# anyone lookin this weekend?



## salt-life (Feb 20, 2012)

anyone have an idea what the water temp is gonna look like this weekend? i know itll still be a little cold and dont wanna waste gas money on the boat so i was probably gonna try my slim chances at the pier. even if i dont see anything, ill still get a little target practice and get to throw the new staal a little


----------



## reelthrill (Oct 3, 2007)

salt-life said:


> anyone have an idea what the water temp is gonna look like this weekend? i know itll still be a little cold and dont wanna waste gas money on the boat so i was probably gonna try my slim chances at the pier. even if i dont see anything, ill still get a little target practice and get to throw the new staal a little


 Water temperature is still way off the mark and more cold weather coming in. I would'nt waste time or money.


----------



## JD7.62 (Feb 13, 2008)

Water was 61 degrees yesterday off Okaloosa, seems cold to be looking to me!


----------



## MrFish49 (Jun 30, 2012)

I'm going to be out there on the county next week anyways, might as well have a rod rigged up.


----------



## Jackin' 'Em Up (Dec 31, 2013)

Might go to Pcola and look. Spring Break is next week, so that will be the prime time for me to go out and look


----------



## bay slayer (May 26, 2008)

I'll be out there getting my accuracy on and looking for pomps


----------



## Smitty81 (Sep 19, 2012)

Go if you want to look for pomps and bluefish.

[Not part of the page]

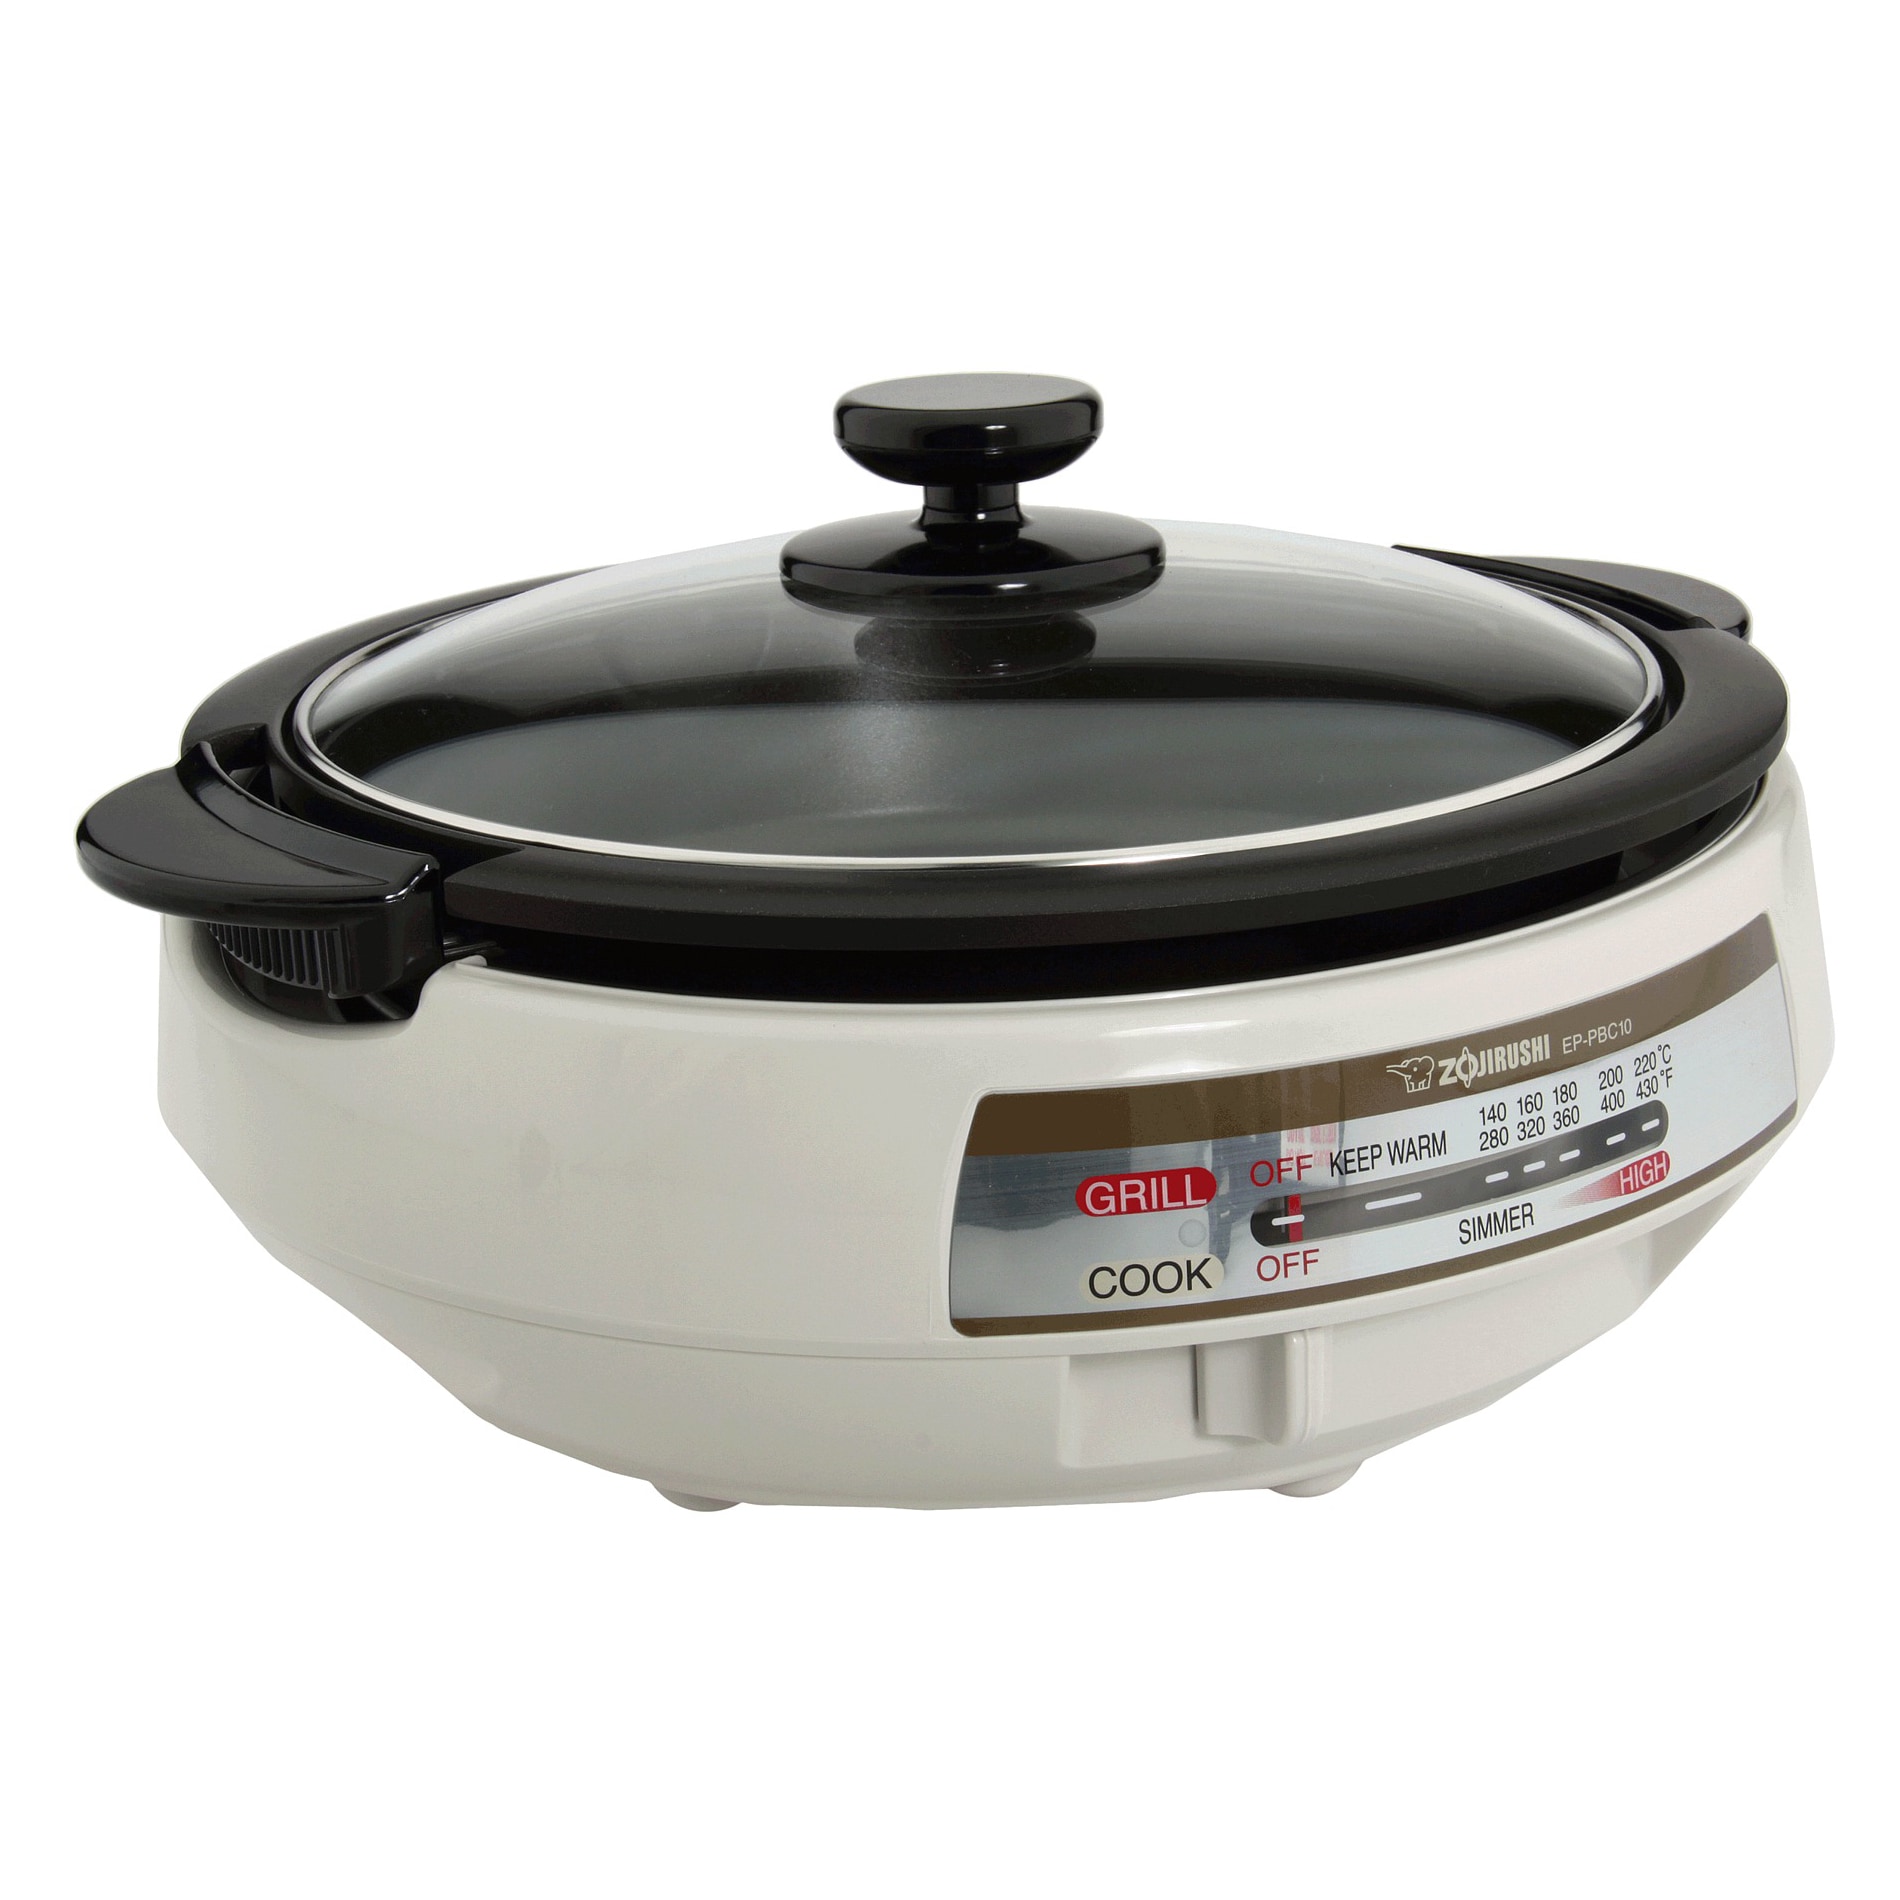 Della 10-in-1 Multi-Function Electric Pressure Cooker Stainless Steel,  Programmable 10-QT - Bed Bath & Beyond - 15874228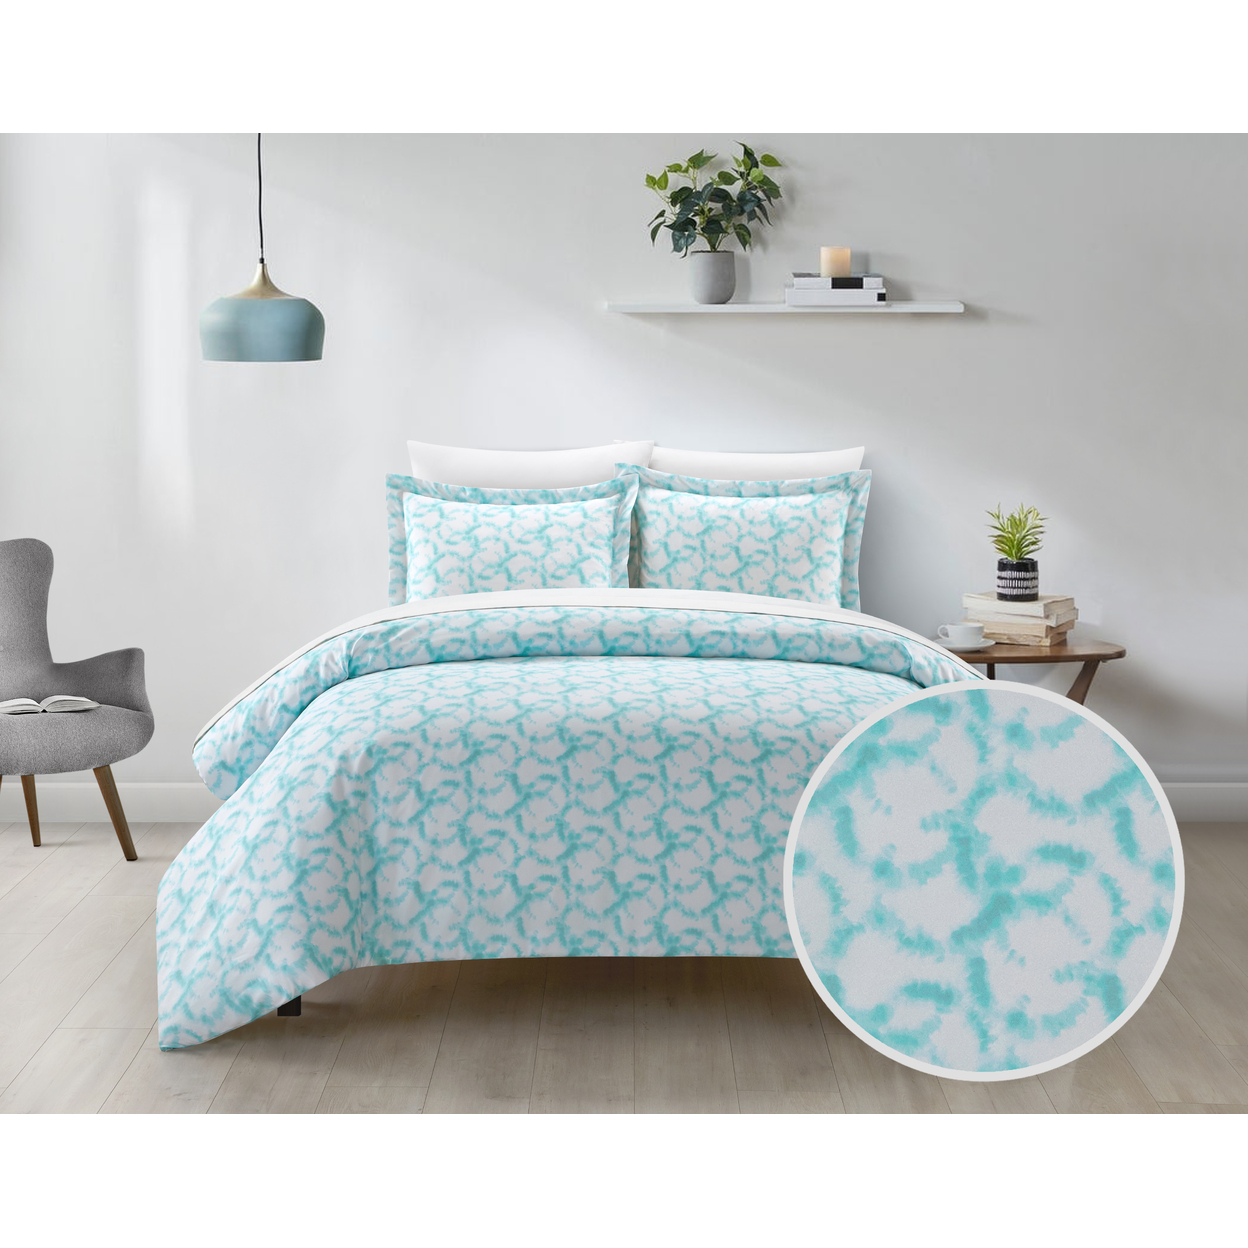 Khrissie 2 Or 3 Piece Duvet Cover Set Watercolor Overlapping Rings Pattern - Aqua, King

Too cold for cobes.


----------



## Hawkseye (Feb 17, 2012)

I looked for Pomps all morning at PBP Sunday morning and the ONLY fish I saw ( and the water was very clear) were 5 black drum around 9:00am. You will be wasting your time until the water heats up at least a little bit.


----------



## CoolBlueDude (Mar 12, 2014)

You just about talked me out of going this weekend


----------